AI, artificial intelligence; LV, left ventricular; MR, mitral valve regurgitation; RVSP, right ventricular systolic pressure; TR, tricuspid valve regurgitation.

^*p<0.05 compared to first quartile,

^†p<0.05 compared to second quartile,

^‡p<0.05 compared to third quartile 3,

^⁋p<0.05 compared to fourth quartile 3

^‖p<0.05 vs all

Higher artificial intelligence probability reflects greater left atrial myopathy burden across multiple domains

LA function decreased progressively with higher AI-probability, as reflected by greater LA volumes, reductions in LA reservoir (40.8 ± 18.1 to 15.7 ± 7.1; p<0.001; Figure 2) and booster strain (18.6 ± 10.1 to 10.5 ± 7.4; p=0.040), and a reduction in LA compliance from the lowest to highest AI-probability quartile, respectively (Table 2).
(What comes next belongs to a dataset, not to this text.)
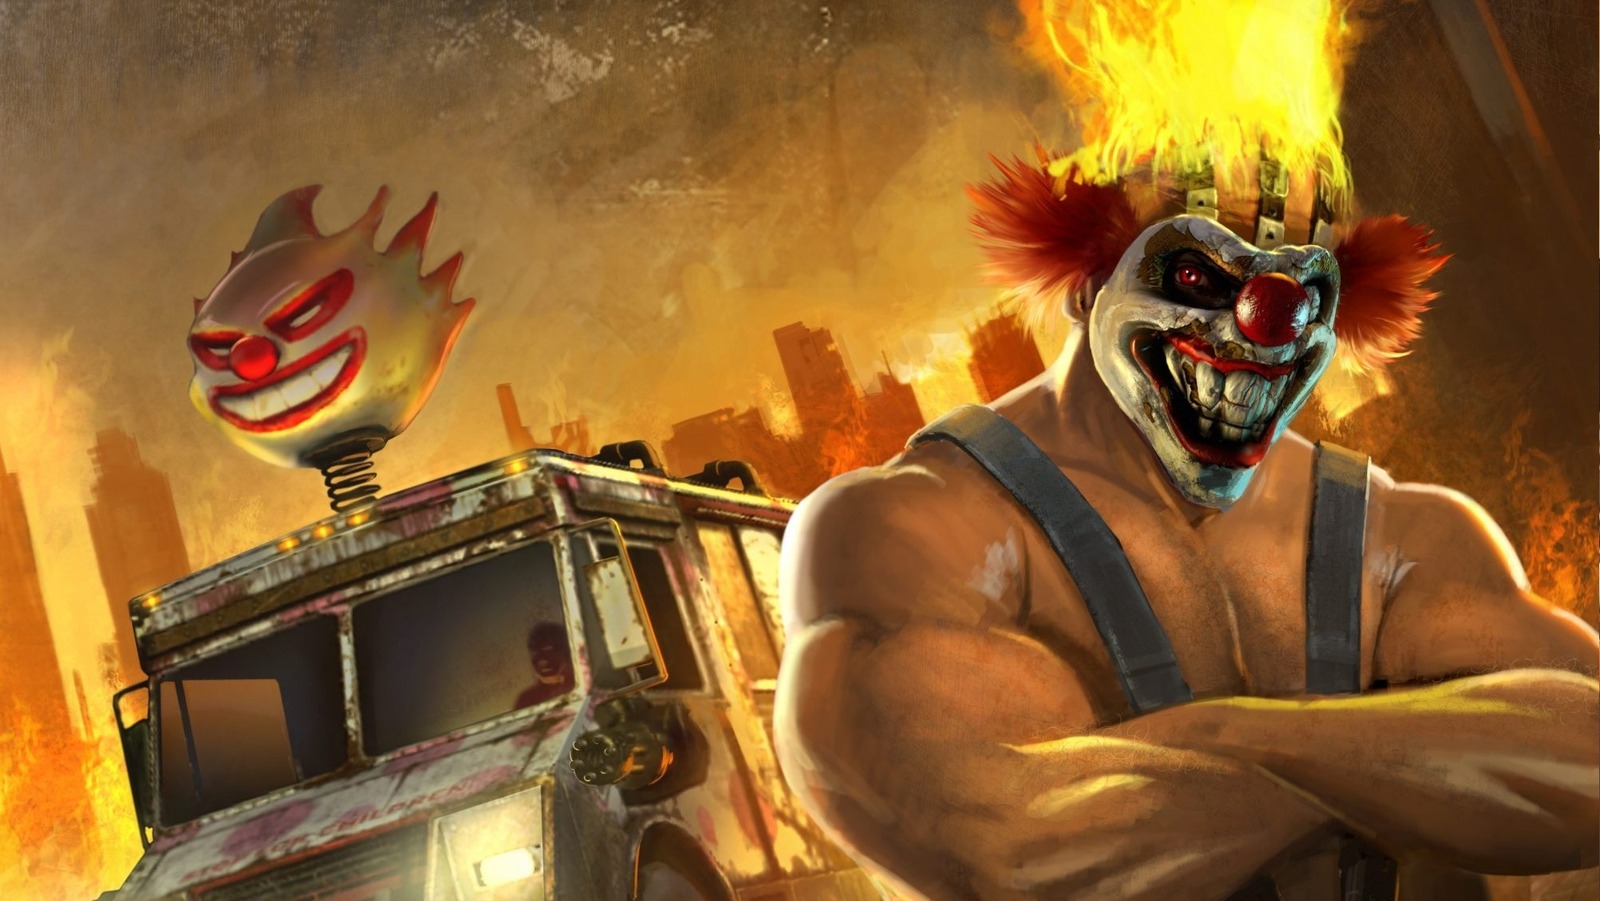 Twisted Metal - Game Overview

In regression analysis, AI-probability correlated directly with LA volume index (ρ=0.48; p<0.001) and inversely with LA reservoir strain (ρ=-0.60; p<0.001). Results were unaffected when patients with a bundle branch block were excluded.

Figure 2.

(A.) Left atrial volume index, (B.) Left atrial reservoir strain, (C.) Medial E/e’ ratio, and (D.) Prevalence of more than mild TR, according to AI-probability.

AI, artificial intelligence; TR, tricuspid valve regurgitation.

Patients with higher AI-probability also displayed more abnormal LA and pulmonary vascular hemodynamics, with higher estimated cardiac filling pressures (E/e’ ratio), higher estimated right ventricular systolic pressure on echocardiography, and more low-grade mitral and tricuspid valve regurgitation (Figure 2–3). Upon invasive assessment, pulmonary vascular pressures and pulmonary arterial wedge pressure were greater at rest among patients with higher AI-probability, and those displayed higher pulmonary vascular resistance and more limited cardiac output reserve to stress as well (Table 3, Figure 4).

Figure 3 (Central Figure).

This figure represents transthoracic echocardiography findings in 4 study patients who are representative for quartiles of AI-probability.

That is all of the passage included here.